Once upon a time the business of the nobility was warfare.
They were the few with the means, the training and the hardware.
It was their very reason for being, and when they weren’t defending themselves from their similarly motivated and equally equipped peers, or expanding at the expense of their neighbors, they were occasionally obligated to join their erstwhile foes in expeditions against more distant peers.

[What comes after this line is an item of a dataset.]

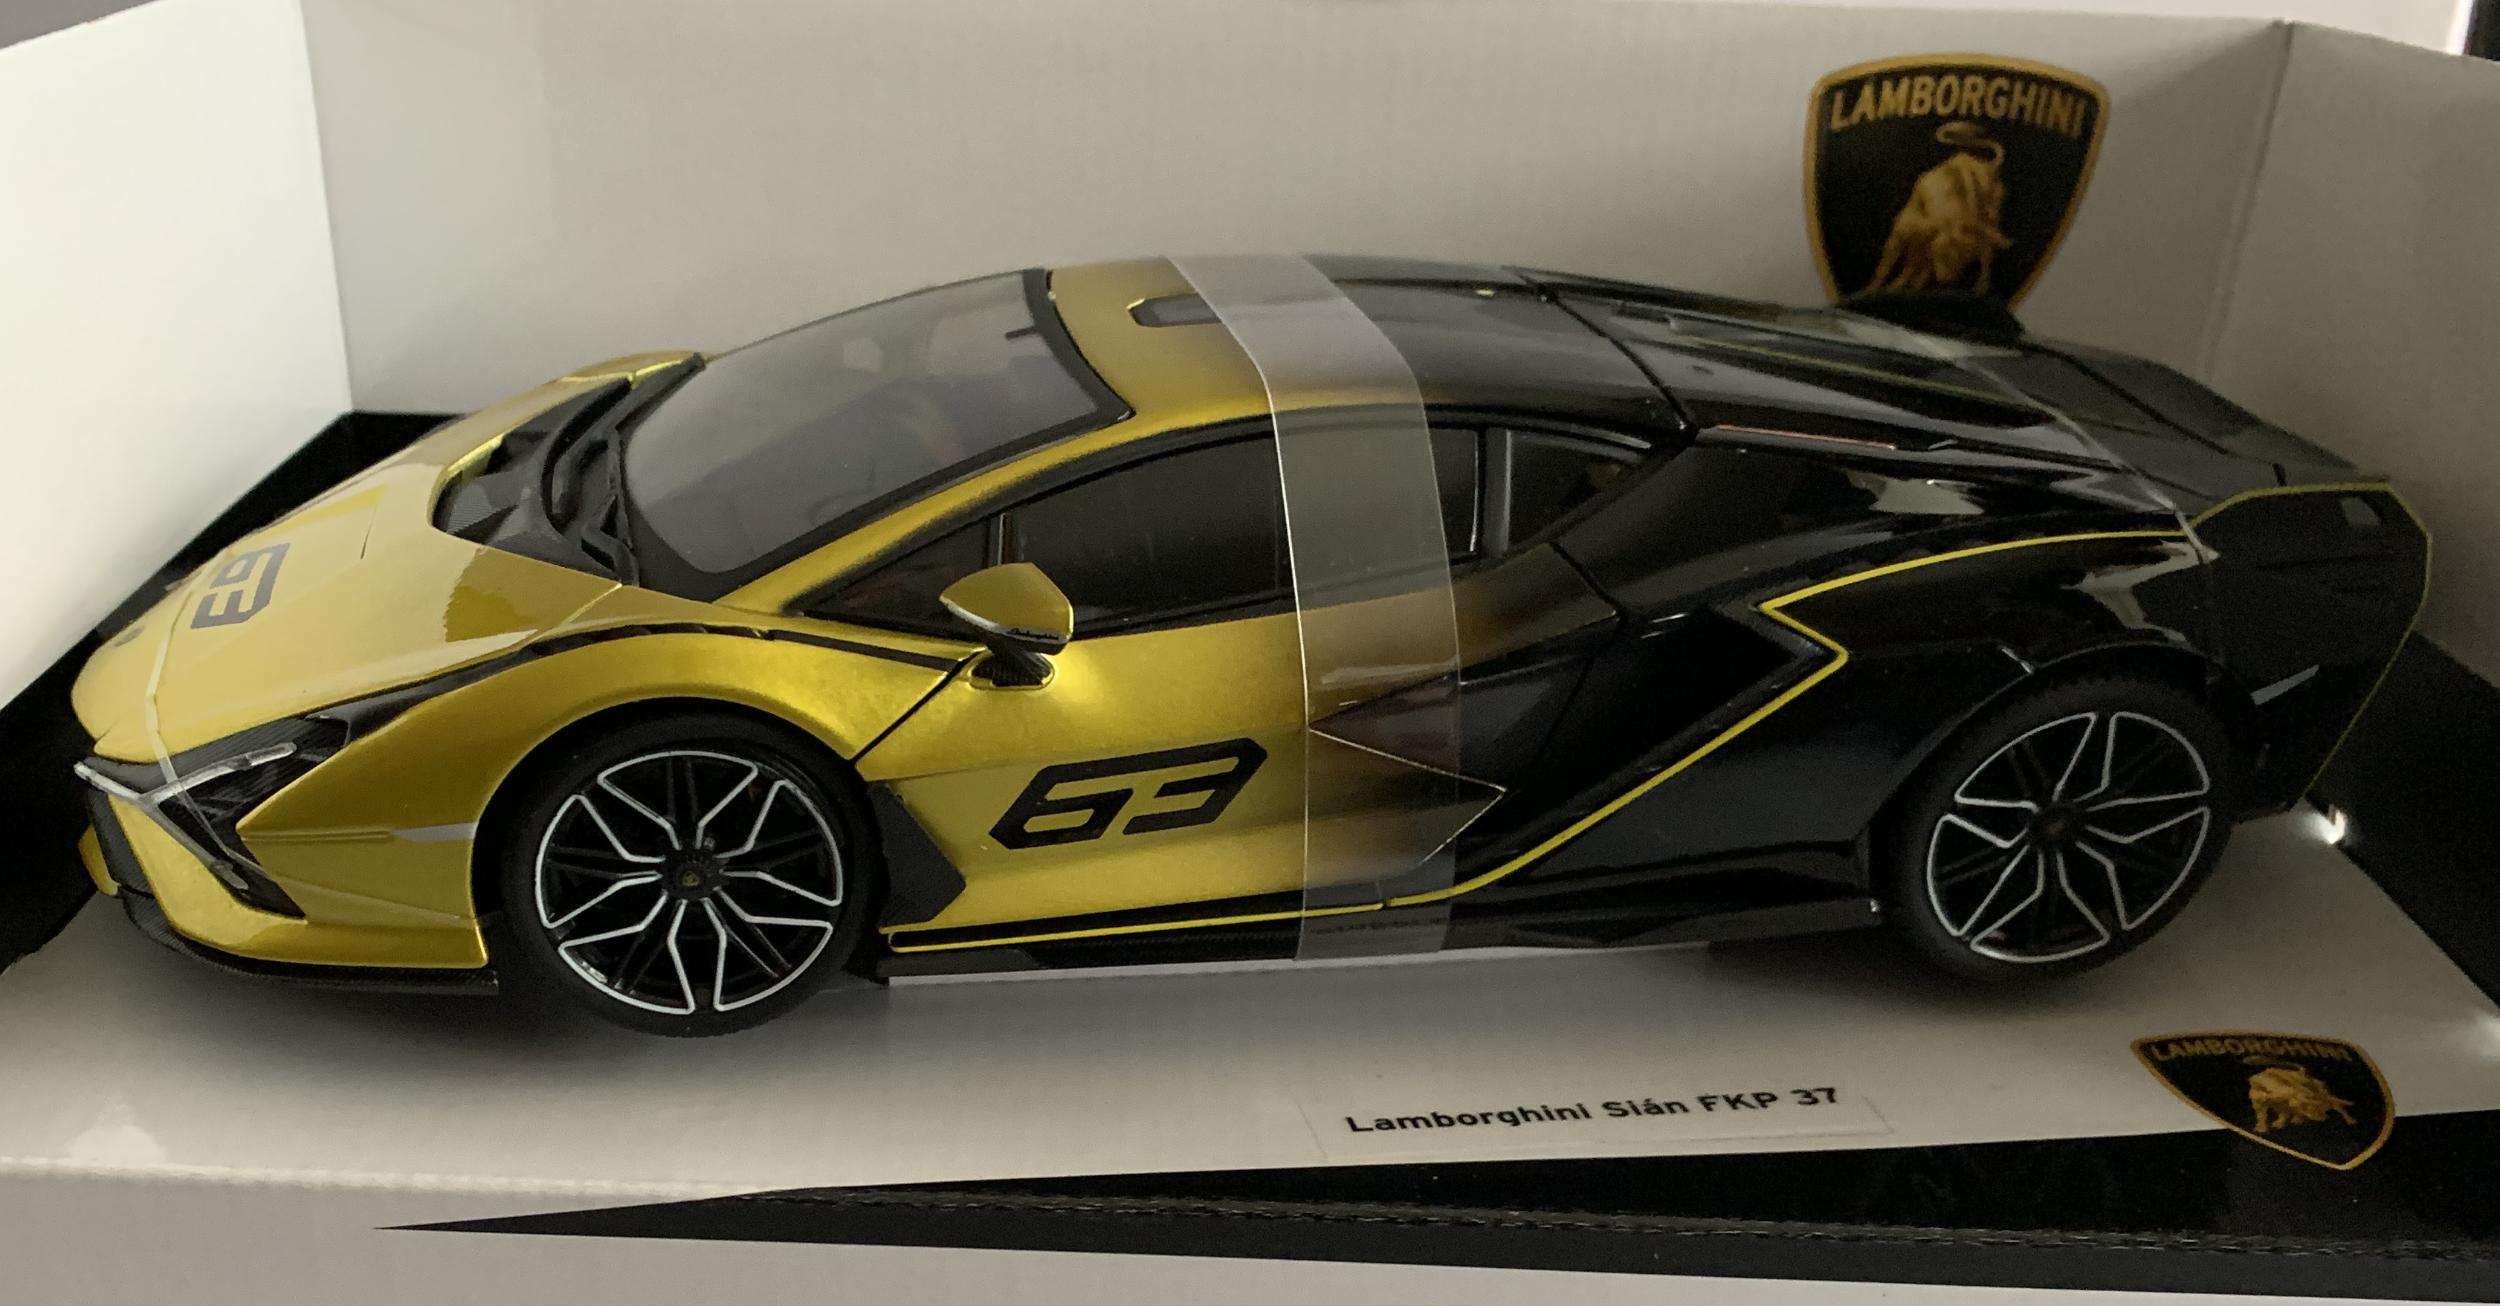 Lamborghini Sian FKP 37 in yellow fade #63 2020 1:18 scale model from Bburago

That was hundreds of years ago, of course. We’ve come a long way since then.

14

nastywoman 11.13.23 at 3:28 pm

‘Once upon a time the business of the nobility was warfare’.

Not only
– ‘the business of the nobility’ –
as in nearly every ancient tribe
‘the utmost mighty warriors’
became the Leaders –
and so in the Archaeology of Hate for far too long the Warriors who hate most –
were the heroes.

15

Seekonk 11.13.23 at 4:56 pm

As we remember the victims of combat, we should promote the arbitration of international disputes. The routine resort to the use of force is barbaric, particularly given the increasing lethality of modern weaponry. The only beneficiaries of warfare are arms dealers and those who rely on force to advance their interests.

16

engels 11.15.23 at 10:51 am

The Pentagon has quietly ramped up military aid to Israel, delivering on requests that include more laser-guided missiles for its Apache gunship fleet, as well as 155mm shells, night-vision devices, bunker-buster munitions and new army vehicles, according to an internal Defense Department list. The weapons pipeline to Israel is extending beyond the well-publicized provision of Iron Dome interceptors and Boeing Co. smart bombs. It continues even as Biden administration officials increasingly caution Israel about trying to avoid civilian casualties in the Gaza Strip…

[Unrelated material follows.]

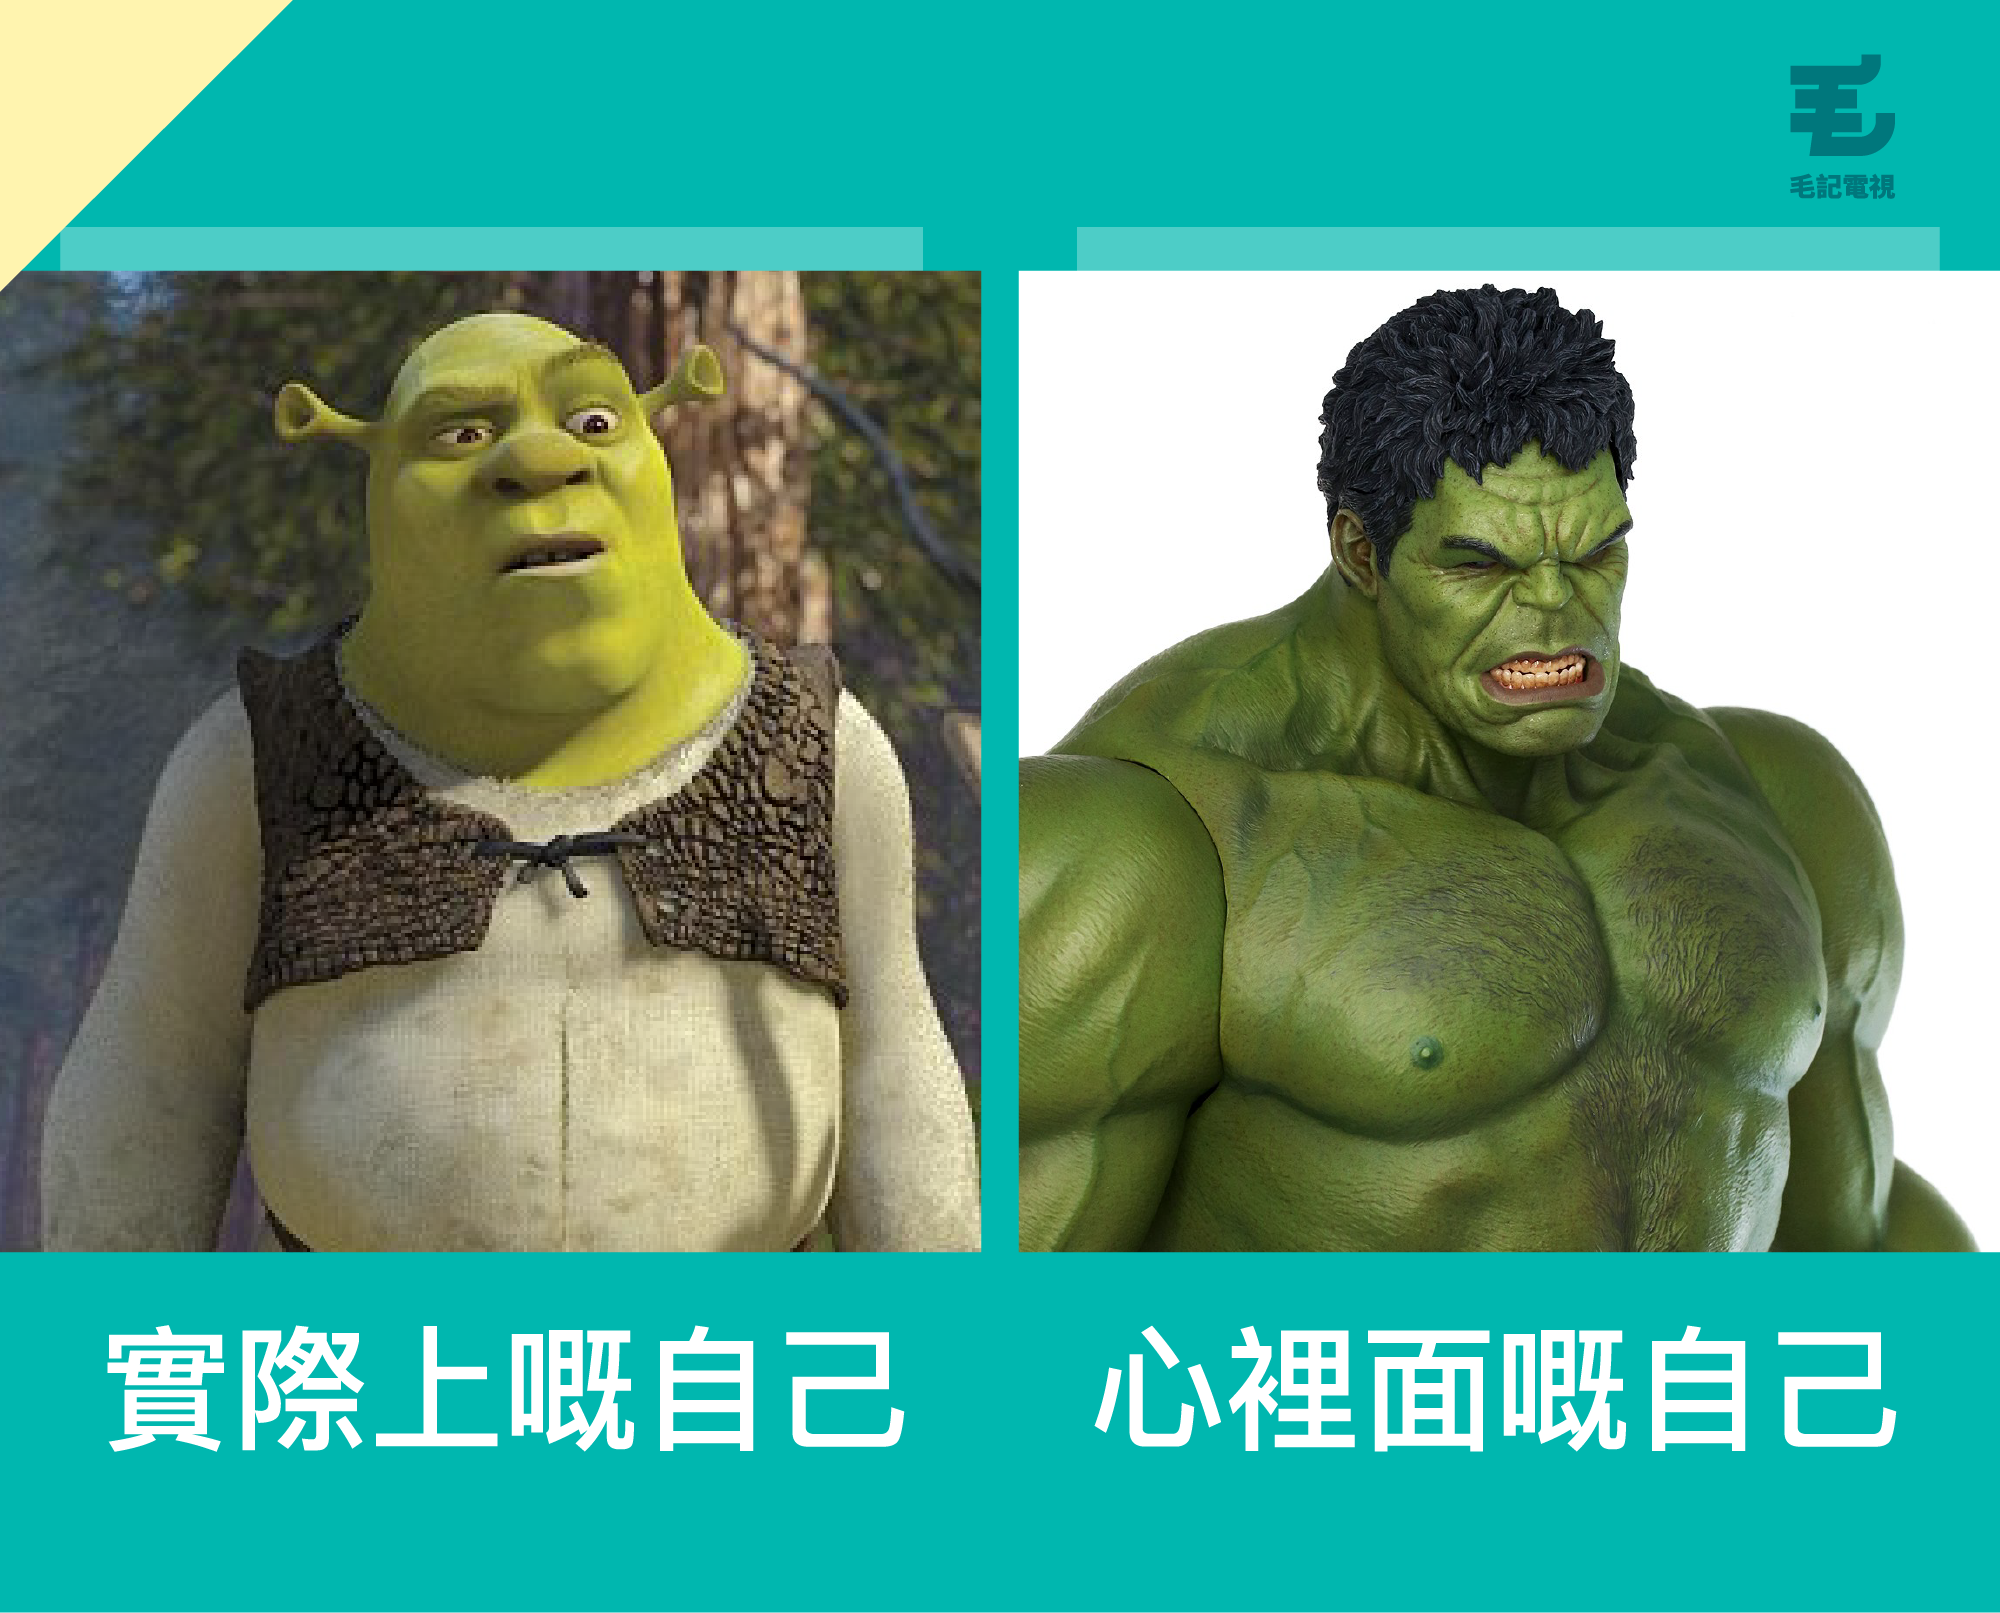 原圖來源：電影《Shrek》截圖、marveltoynews

https://www.bloomberg.com/news/articles/2023-11-14/pentagon-is-quietly-sending-israel-ammunition-laser-guided-missiles

17

Rcriii 11.15.23 at 2:04 pm

“… except to express the hope that peace will come one day.” Thank goodness you still have some hope. You are one of the most optimistic people I read, please don’t lose that hope!

18

engels 11.22.23 at 9:46 pm

The British government has blocked MPs asking any questions about activity at RAF Akrotiri, its vast air base on Cyprus, Declassified can reveal. Blocking all parliamentary questions from MPs is a highly unusual move. Government departments routinely refuse to answer specific questions about military operations for reasons of “national security”, but blocking all questions by elected parliamentarians goes far beyond the usual level of Whitehall secrecy. It comes after Declassified revealed the RAF has made over 30 military transport flights to Tel Aviv since Israel began bombing Gaza. The Ministry of Defence refused to provide us any detail of the cargo or personnel on the flights. Just this morning an A400M Atlas military transport aircraft operated by the RAF landed in Tel Aviv from Akrotiri. The aircraft can carry 116 soldiers, a Chinook helicopter or a payload of 37 tonnes.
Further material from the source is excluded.